Believed to be one of the first domesticated fruit trees, Malus Domesticus has spread its seeds around the globe via hundreds of different varieties of cultivated apples. Pomology is the name given to the agricultural science of apple growing. In the United States, which is the world’s second biggest producer (after China) apples are the second most consumed whole fruit (after bananas). More than 60 percent of cultivated apples are eaten as a fresh and nutritious whole food by a range of ages and demographics in the United States.
Differing apple varieties possess a large array of flavor profiles and micro-nutritional characteristics, but when eating any apple whole with the skin, you can be sure to get a solid dose of dietary fiber, vitamin C , B-vitamins, several beneficial minerals such as potassium and phosphorus, and polyphenolic compounds (antioxidants and other phytonutrients). These healthy nutrients in apples have been shown to help prevent the onset of certain chronic diseases, such as type 2 diabetes.
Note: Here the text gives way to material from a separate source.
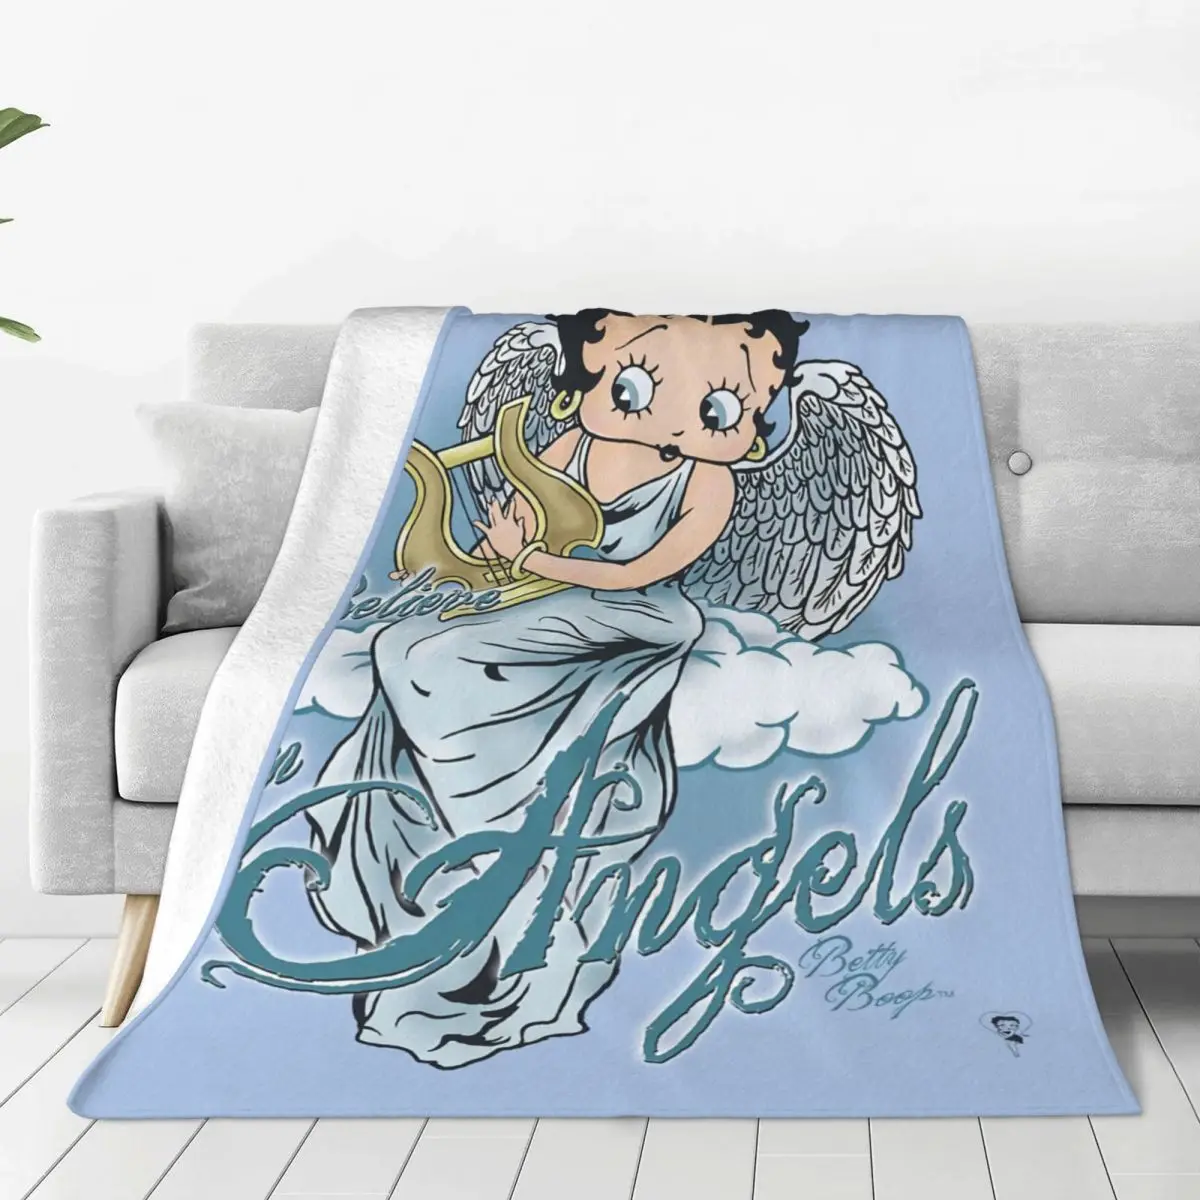 

Одеяло в виде ангелов Boop I Believe In, теплое флисовое мягкое Фланелевое покрывало s для кровати, дивана, офиса, весна-осень

The natural apple harvest at Northern Latitudes, such as in New England, Michigan and Washington State, as well as in Europe and China, occurs from late summer to fall. As with all whole fruits and vegetables, to get optimal nutritional benefit, and support ecological sustainability, it is best to buy produce that is in-season and locally grown, especially when sourced from diverse farms that limit the use of herbicides, pesticides and synthetic fertilizers. Locally-grown, in-season, nutrient-dense whole foods also contain rich flavor profiles, meaning they are often far tastier than their industrial counterparts.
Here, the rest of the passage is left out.